Dataset content:

▬▬▬

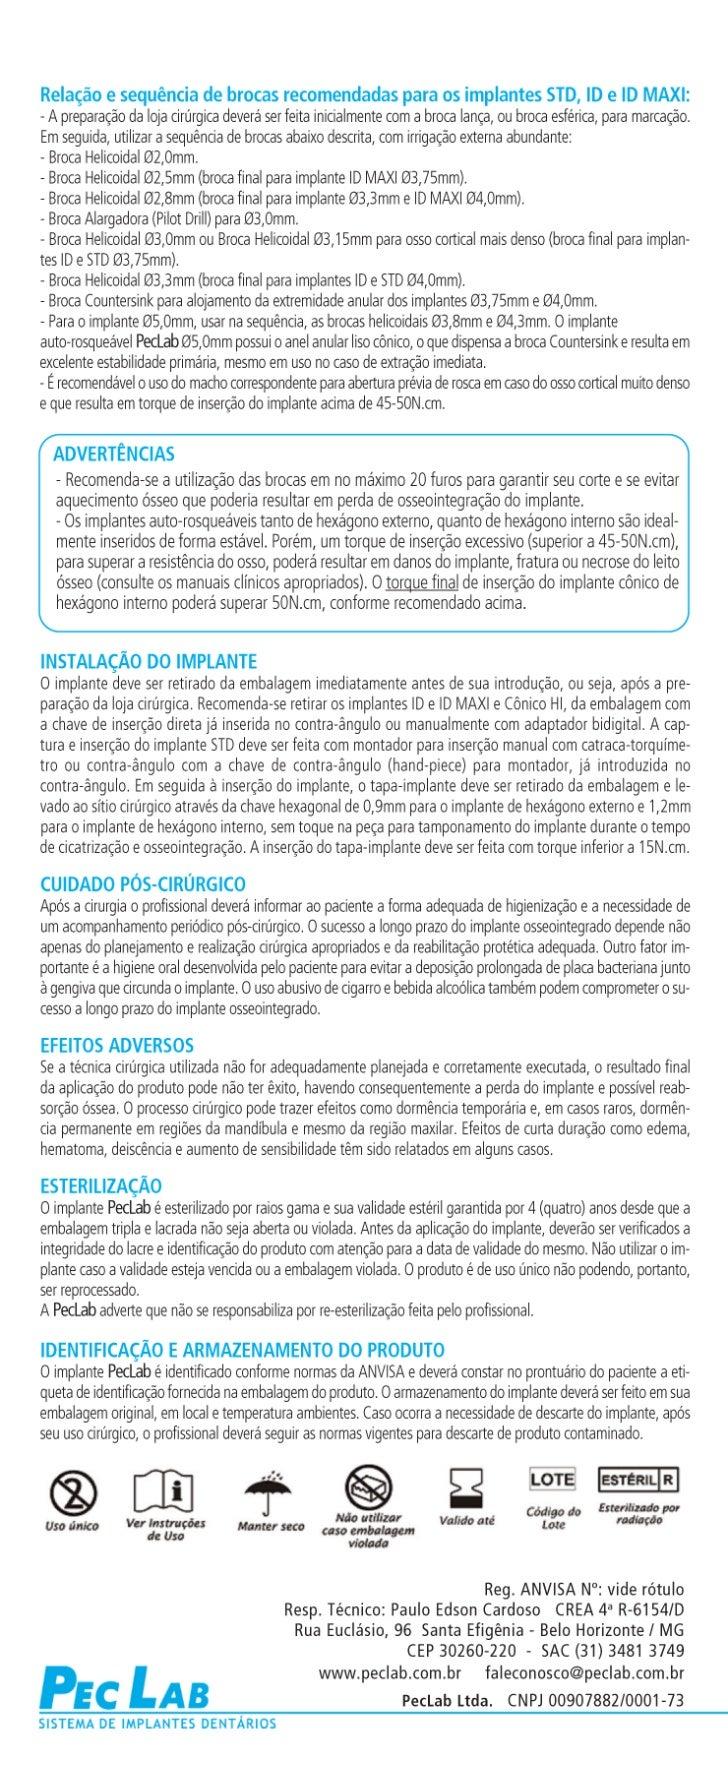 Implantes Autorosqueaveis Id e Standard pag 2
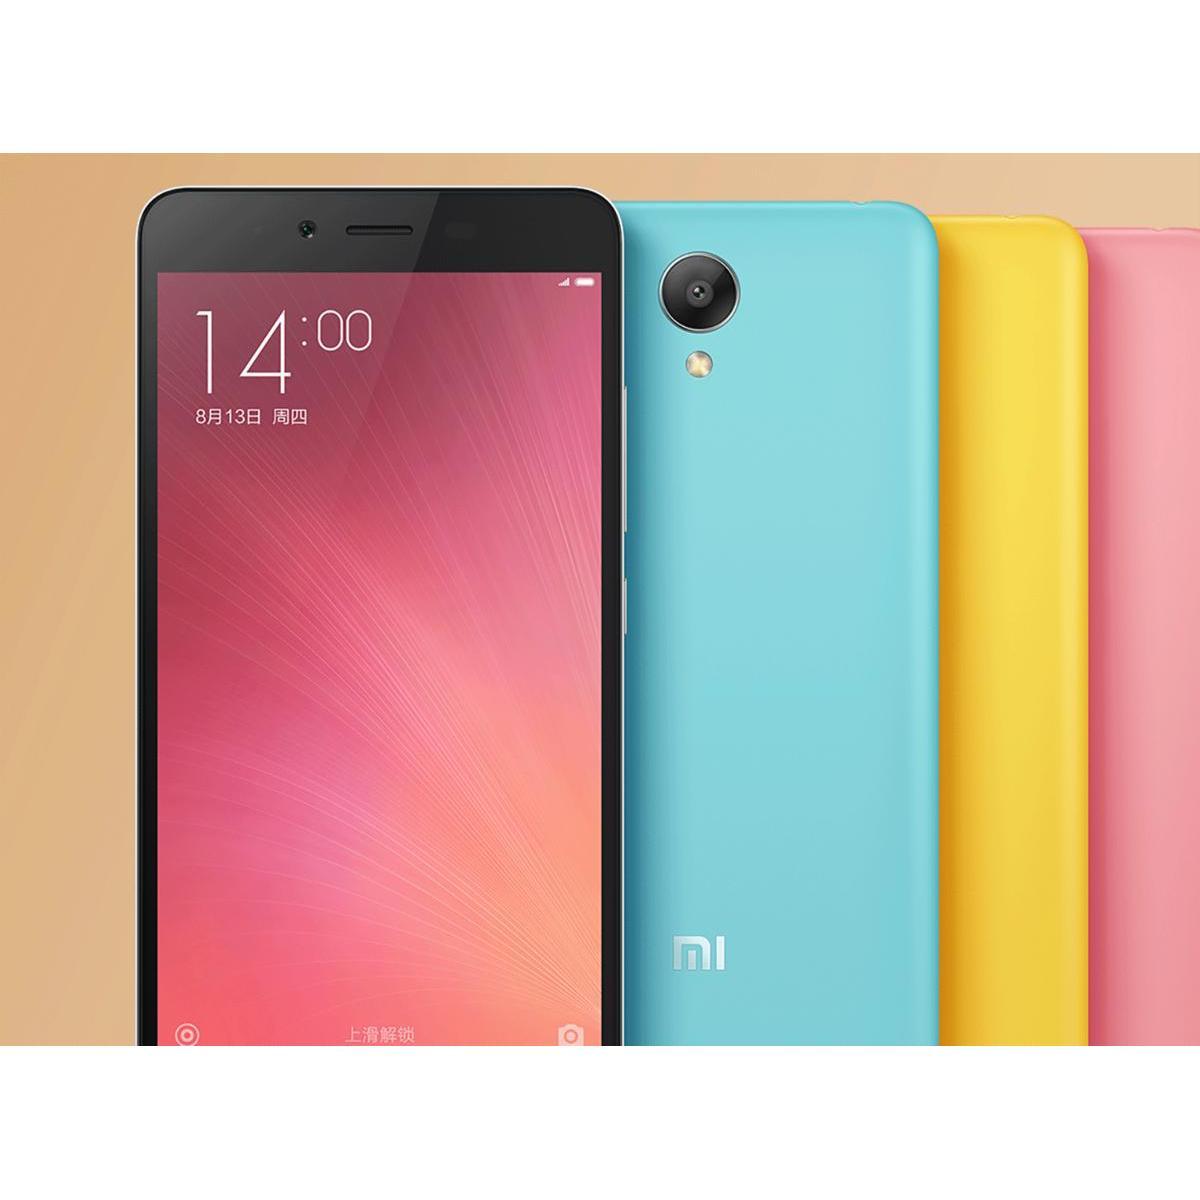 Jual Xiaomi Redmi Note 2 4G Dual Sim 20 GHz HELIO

▬▬▬

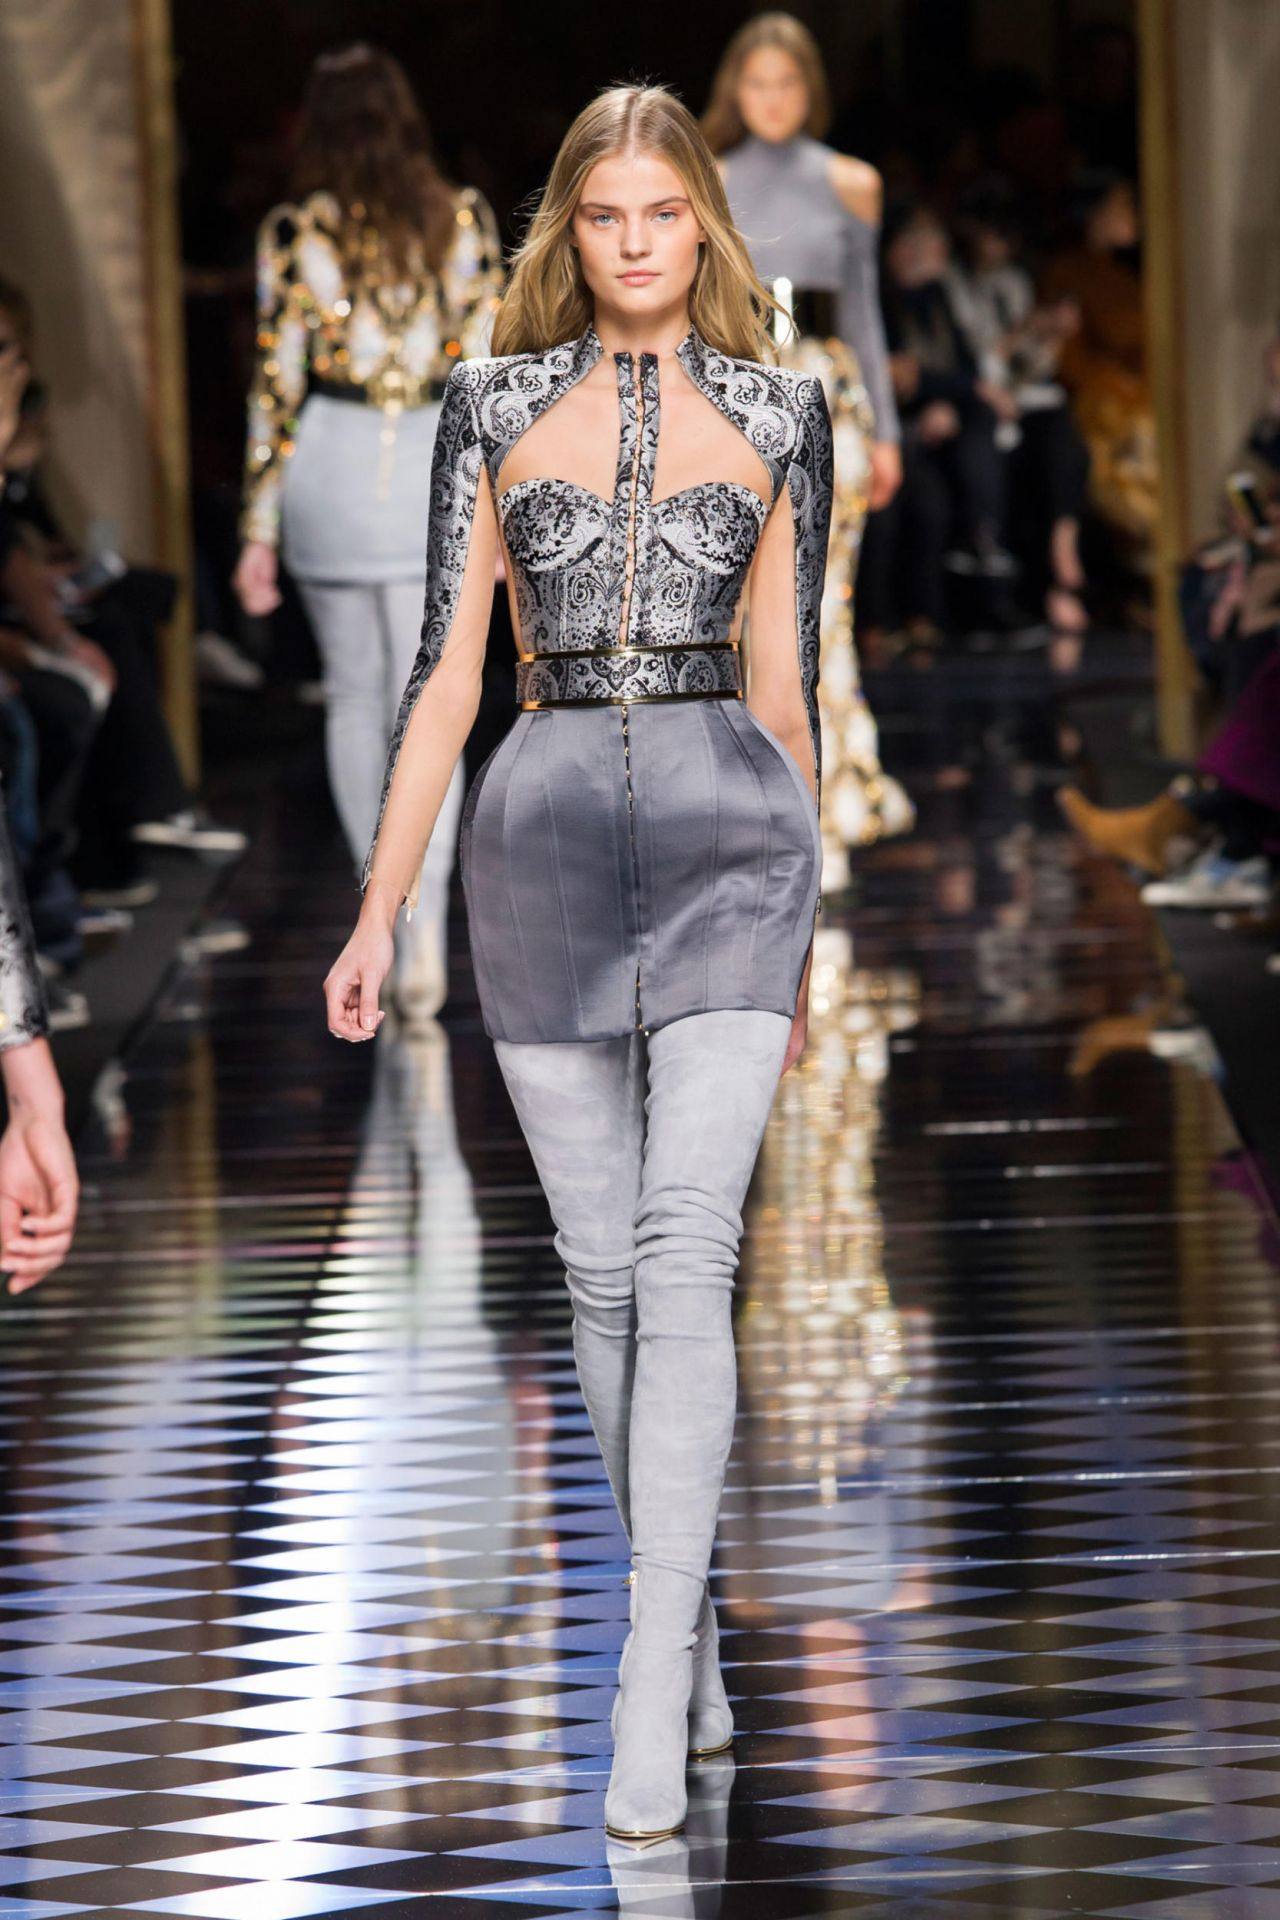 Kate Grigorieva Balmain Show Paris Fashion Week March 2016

▬▬▬

Problem statement: Of the records above, print only the lines from the one containing "Implantes Autorosqueaveis Id" through the one containing "Jual Xiaomi Redmi", inclusive and unaltered, leaving out pictures.

Exercise answer:
 Implantes Autorosqueaveis Id e Standard pag 2
 Jual Xiaomi Redmi Note 2 4G Dual Sim 20 GHz HELIO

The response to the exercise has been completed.